Why is it so hard to talk about class?
By Sandy Cameron

We don’t like to talk about “class” because we don’t like to be put into a category. We say, “I am who I am, and that’s it.” We are who we are, though, only in relation to others. Human beings cannot live outside a social group. When we think about class, we tend to think of three groups: (1) the rich and powerful who own and control the country; (2) a middle-income group that used to have a secure standard of living but doesn’t anymore; and (3) low-income citizens, often employed in temporary or part-time jobs, sometimes unemployed, many facing poverty in the new competitive global economy.

The richest 10% of Canadians own 51.3% of Canada’s wealth. The poorest 20% of Canadians own minus -0.3% of wealth.[1] That’s a very unfair distribution of the abundant resources of our land. In fact, Canada is one of the most economically unfair nations in the industrialized countries. The Luxembourg Income Study Working Paper 126, July 1995, found that the United States, Ireland, Italy and Canada were the industrial nations with the most inequality, while Finland, Sweden, Belgium and the Netherlands had the least.
Yet we are told by the wealthy that we live in a classless society, and that equality of opportunity is alive and well in Canada. Not even Sylvester the cat would believe that. As a Hamilton steelworker said, “I definitely think I’m part of a class system. Anyone who feels that this is an equal opportunity country is sadly mistaken. I believe anyone who thinks that the son of a doctor has the same things to look forward to as my son, is a fool.” [2]

In spite of the thousands of books that have been written about class in industrial societies, universities are silent on the subject these days—but not entirely, as the references in these articles show. Sure, there’s a crisis in class politics because there’s the crisis of a vanishing industrial society, but let’s not be too hasty here. To a large extent, we are a country with a small political and economic élite, a large number of wage and salaried employees, and many unemployed.

We are seeing a dramatic decline in upward economic mobility, a growing polarization of incomes, and a declining middle class. [3] A class war, usually unreported in the corporate media, is raging full tilt. As Noam Chomsky has said, “…business tastes blood. They think they can roll back the whole social contract that’s been developed over the past century…labour rights, human rights…anything other than making profit tomorrow.” [4]
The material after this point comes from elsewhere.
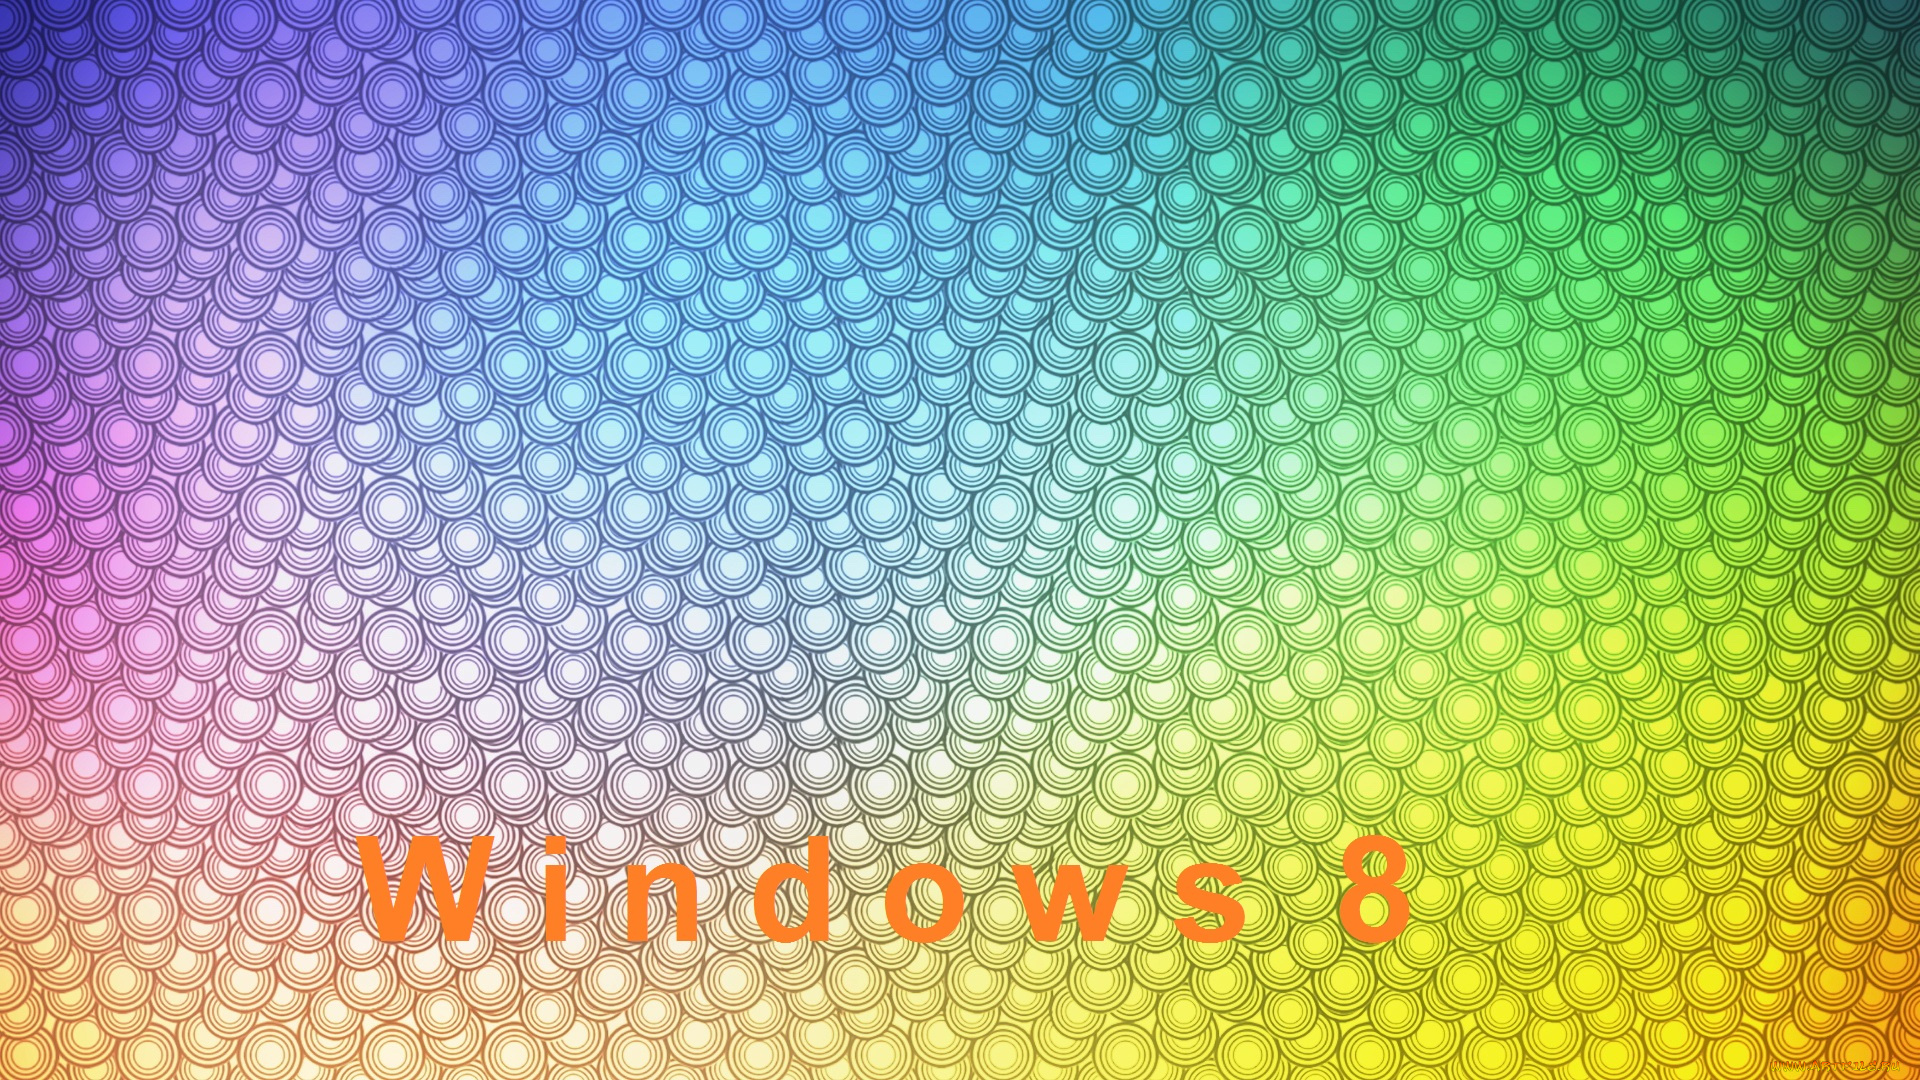 компьютеры, windows

Today, ordinary Canadians are taking another look at the word “class.” [5] We know that “the bosses are getting rich off our sweat and toil,” as one Hamilton worker said, [6] and another observed, “I really think we need something closer to democracy than we have right now—something a little closer to democracy than the club (class) system that Canada operates on…It’s a very closed network, a club that takes care of itself and doesn’t really care that much about the average citizen.” [7]

Most Canadians don’t have a strong sense of class consciousness. The exception is the business class with its finely-tuned rationale for monetary advantage. Many Canadians will express greater ethnic, racial, gender, or nationalist consciousness than class consciousness, and that’s not surprising in a multicultural society that has a populist tradition rather than a class one, as in Europe. The main feature of a populist tradition is the line drawn between the organized few and the disorganized many—a dividing line not between employers and employees, but between represented and unrepresented. [8]

Populist movements in North America have called for the use of state power to resist the destructive power of capitalist market domination, but they have not been anti-capitalist. They have protested against both big business (especially the banks) and big government. [9] The Reform Party has exploited populist discontent in Canada, but, representing and supported by corporate power as it is, this party displays a false populism that deceives those ordinary citizens who have turned to it in desperate nostalgia.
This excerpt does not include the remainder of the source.